Next, we used a hierarchical Bayesian logistic regression model to capture the behavioural signatures of model-based and model-free systems. We reported 95% Highest Density Interval (HDI) of the posterior distributions over regression coefficients. If the 95% HDI of a given regression coefficient did not include zero, this regression coefficient was considered significant. The logistic regression model defined the stay probability of repeating a visit to the same planet as the dependent variable, previous outcome, and similarity of first-stage states as the regressors. Specifically, the behavioural signature of model-based strategies could be characterised by the main effect of the previous outcome. A model-based learner would visit the same second-stage state if this state had yielded a satisfactory outcome on the previous trial, regardless of encountering which first-stage states. Because they could always use the cognitive map of the task structure to guide their decisions to the same second-stage state (the upper left panel of Fig. 3c). In contrast, the behavioural signature of model-free strategies could be characterised by the interaction term between first-stage state similarity and the previous outcome. Since model-free learners solely learnt the association between the previous first-stage state, their choice and the reward outcome, they would be less likely to revisit the same second-stage states if they encountered a different first-stage state, compared to when they encountered the same first-stage state (the upper right panel of Fig. 3c).

The logistic regression model (Fig. 3d) revealed a significant positive main effect of previous outcome on stay behaviours, bPreviousOutcome = 0.41, 95% HDI [0.36, 0.46], indicating the behavioural signature of model-based strategies. The model also showed a positive interaction between first-stage state and previous outcome, bPreviousOutcome×FirstStage = 0.13, 95% HDI [0.10, 0.16], suggesting the contribution of model-free strategies. As for the self-other differences, we found that deciding for oneself was linked to higher reliance on both systems than deciding for others (model-based influence on stay probabilities: bPreviousOutcome×SelfOther = 0.17, 95% HDI [0.13, 0.21]; model-free influence on stay probabilities: bPreviousOutcome×__FirstStage×SelfOther = 0.08, 95% HDI [0.02, 0.14]), suggesting that participants invested more cognitive effort for their own stake, compared to for another person’s interest. Other group-level regression coefficients were reported in the Supplementary Information.

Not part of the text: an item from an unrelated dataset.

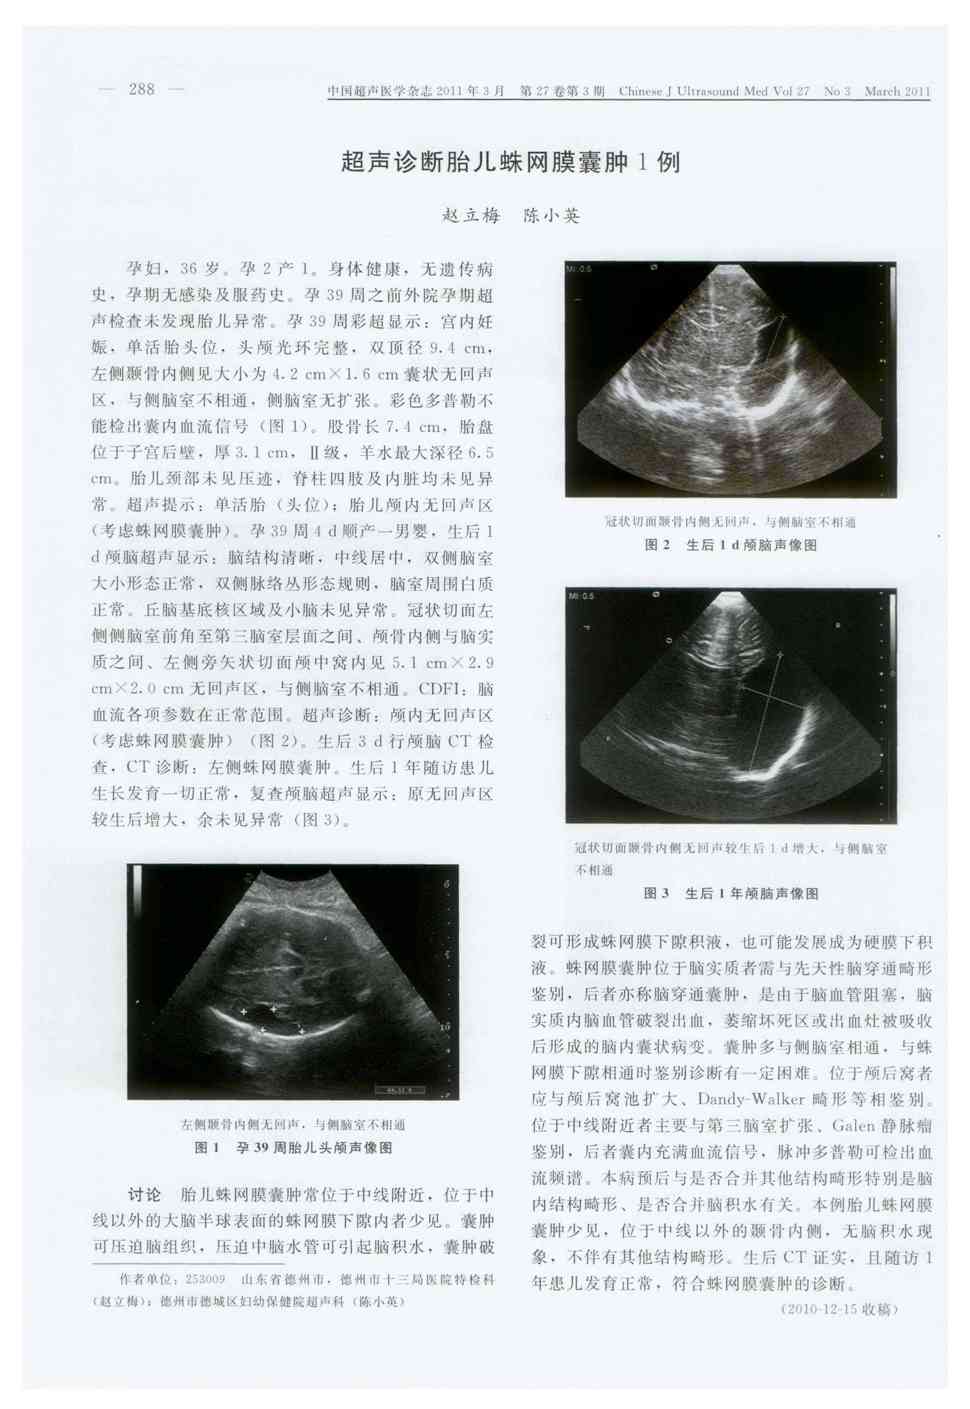 期刊超声诊断胎儿蛛网膜囊肿1例被引量:1

To further test whether individual differences in SVO modulate self-other differences in the use of model-based and model-free strategies, we included z-scored SVO and all interaction terms among the previous outcome, first-stage state similarity, Self/Other conditions, and SVO as additional regressors into the hierarchical Bayesian logistic regression model (see Supplementary Table 2 for details of all group-level regression coefficients). The model pointed out that individual variability in SVO modulated self-other differences in the reliance on model-based strategies, bPreviousOutcome×SelfOther×SVO = –0.05, 95% HDI [-0.09, -0.01] (the lower panel of Fig. 3d). More prosocial participants demonstrated less self-other differences in the use of model-based strategies than more proself participants. In contrast, SVO didn’t influence the self-other difference in model-free strategies, bPreviousOutcome×FirstStage×SelfOther×SVO = –0.00, 95% HDI [-0.06, 0.06]. These results are consistent with our hypothesis that individual differences in SVO scores modulated self-other differences in the reliance on model-based strategies. Other group-level regression coefficients and their significance in modelling staying behaviours were reported in the Supplementary Information.

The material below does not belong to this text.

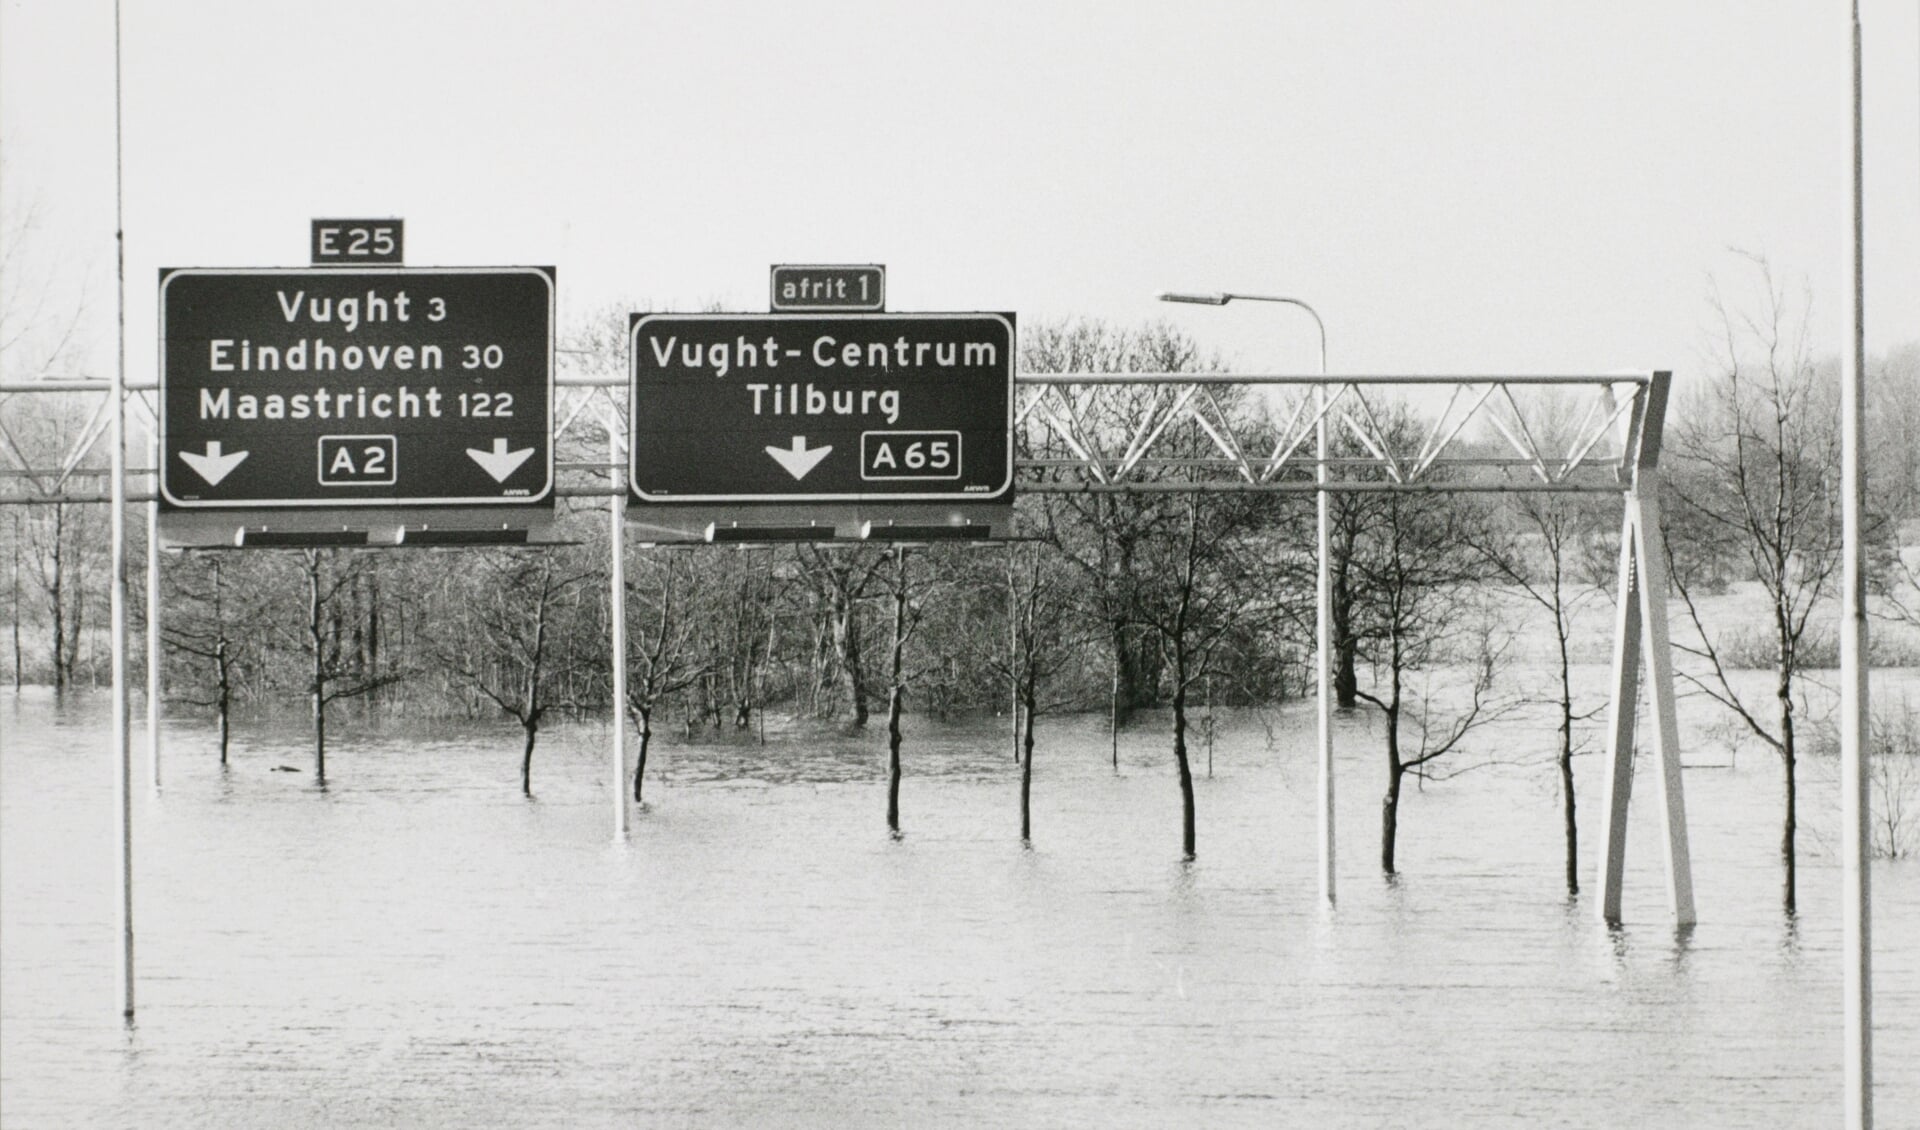 Overstroming van de uiterwaarden van de Maas in februari 1995 op de A2 ter hoogte van de Pettelaarse Schans.

Computational modelling results

To unfold the cognitive computations underlying the prosocial goal-directed behaviours, we formalised participants’ decisions as evidence accumulation processes using the RLDDM. Under this computational framework, the value difference between two available actions drove participants’ evidence gathering. Once the accumulated evidence hit one of the decision boundaries, the decision was made. The value difference was determined by several distinct cognitive mechanisms, including model-based, model-free state-action value estimates, choice stickiness and response stickiness. According to our parameter recovery analysis, all the parameters were well recovered (Fig. 2b, all correlation coefficients > 0.86) with overall low intercorrelations between these recovered parameter estimates (Supplementary Fig. 1a, the absolute values of correlation coefficients < 0.33). The high identifiability of the model parameters suggests that our model successfully captures both potential self-other differences and individual variability in these parameters. To further validate the absolute model fit, we performed a posterior predictive check by simulating 50 data sets (posterior predictive samples) using the estimated model parameters from the empirical data. The simulated data reproduced the following key behavioural patterns: (1) The simulated rewards earned by each agent replicated individual differences in the empirical rewards (Supplementary Fig. 2a). (2) The RT distributions generated by the RLDDM matched with the empirical RT patterns, i.e., increasing value differences between two options led to relative increases in choice probabilities for high-valued options and relative decreases in the corresponding RTs (Supplementary Fig. 2b). (3) After performing the same model-agnostic analysis on simulated samples, we found that the logistic regression results on posterior predictive samples (Supplementary Fig. 2c) greatly resembled empirically observed behavioural signatures (Fig. 3d).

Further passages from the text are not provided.